Конюх первым делом явился к Григорию на постройку.
– Новый мир, что ль, строишь опять? – заинтересовался Василий Ефремович.
– Нет, избу для школы, – сказал Григорий.
– Зря, – высказался Василий Ефремович. – В этой школе никакой карьере все равно не научишься…
Григорий промолчал; ему некогда было, он в это время хотел испытать, как он будет разделывать бревна на доски в одиночку; доски ему нужны были на подмости.
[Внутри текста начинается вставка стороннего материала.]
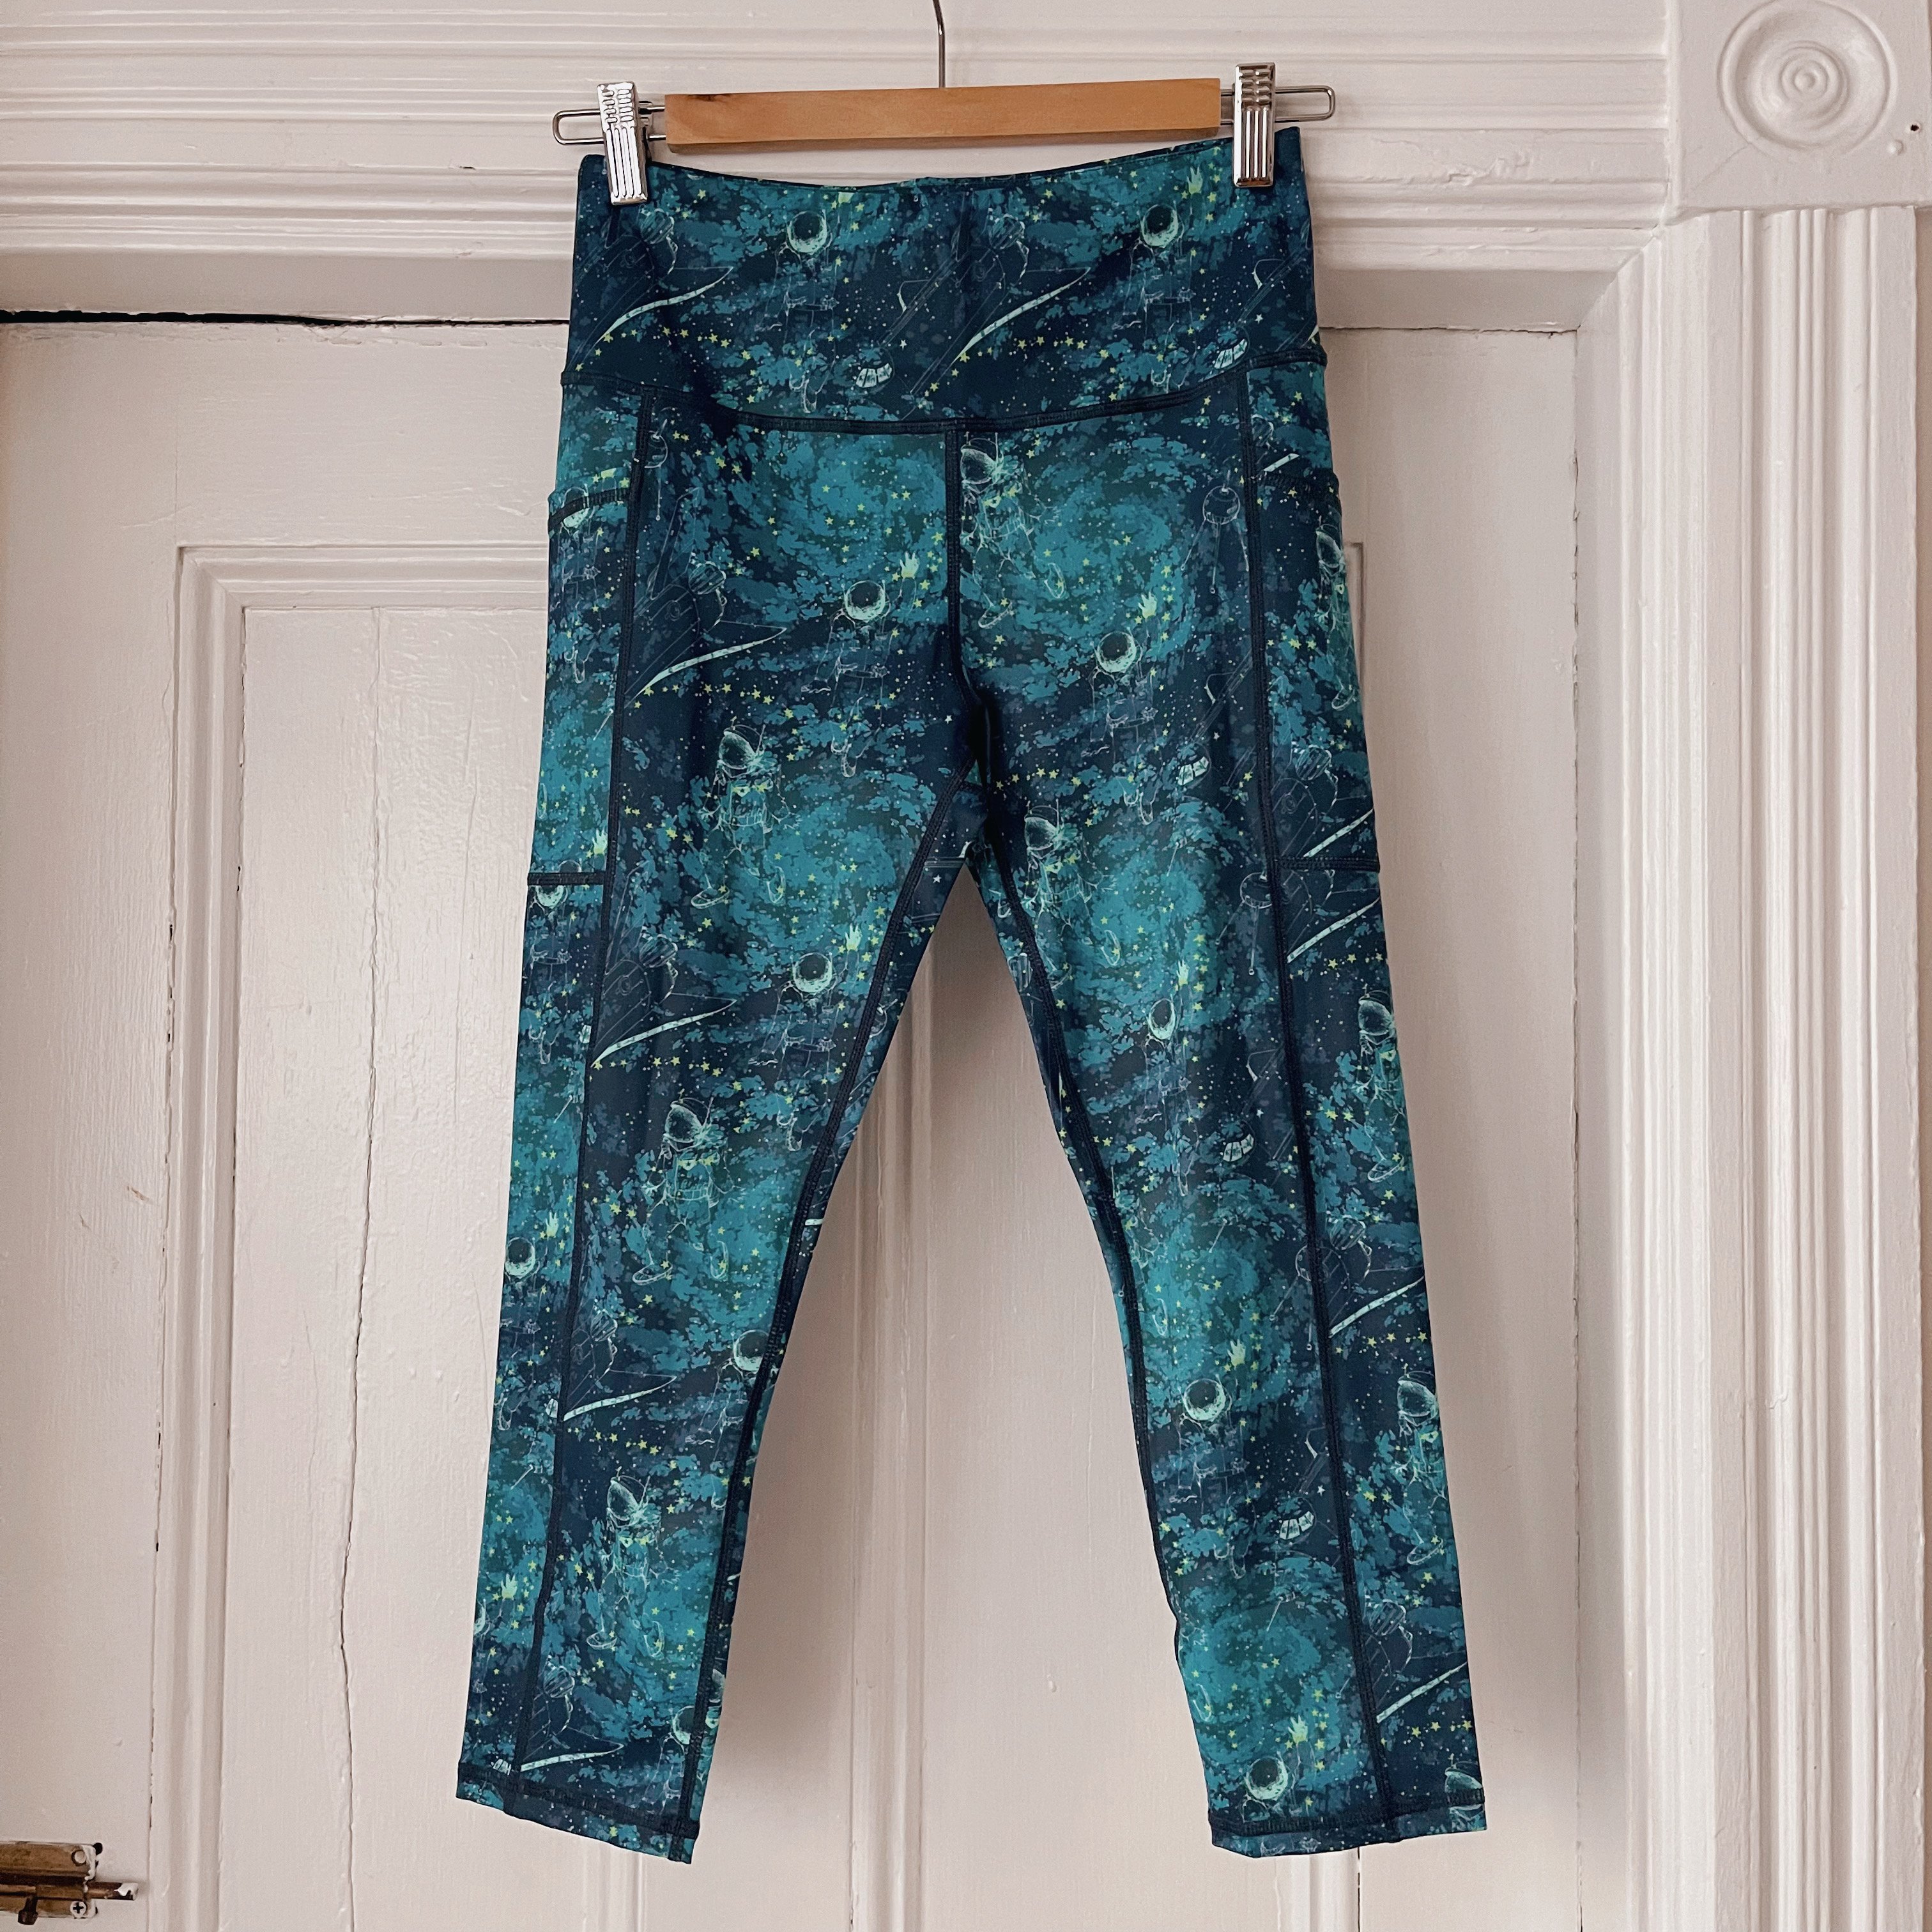 Barbella Box - April's @bornprimitive Inspire leggings

Он влез на высокие козла, на которых лежало бревно, и заправил в бревно поперечную пилу: пилить надо было отвесно, вверх и вниз, но пилу заедало в древесном распиле, она играла и не шла в работу. Григорий спрыгнул на землю и пошел в овраг, а Василий Ефремович стоял в стороне и смотрел, что дальше будет. Григорий принес из оврага самородный камень пуда в два весом, затем обвязал его веревками и подвесил к нижней рукоятке пилы. Работа далее пошла правильно, но тяжело. Ведя пилу вверх, Григорий не только совершал распил, но и подымал камень, подвешенный снизу к пиле, вниз же пила шла под нажатием рук Григория и вывешивалась тяжестью камня, не позволявшего пиле играть и заедаться. Григорий работал в одной рубашке и без шапки, но ему было тепло в работе и пар шел от его рта и лица.
– Это сурьезно, – произнес Василий Ефремович в размышлении. – Он и без наших масс управляется…
Он снял с себя полушубок, бросил его на бревна и подошел под козлы, где ходила пила. Уловив момент, Василий Ефремович приостановил пилу, снял тяжкий камень с нее и свергнул его на землю.
– Ты что там? – спросил его сверху Григорий.
– Обожди! – приказал Василий Ефремович. – Дай я возьмусь с тобой.
Григорий обождал работать и промолвил:
– К чему тебе браться, дядя Василий? Я один приноровлюсь и стерплю…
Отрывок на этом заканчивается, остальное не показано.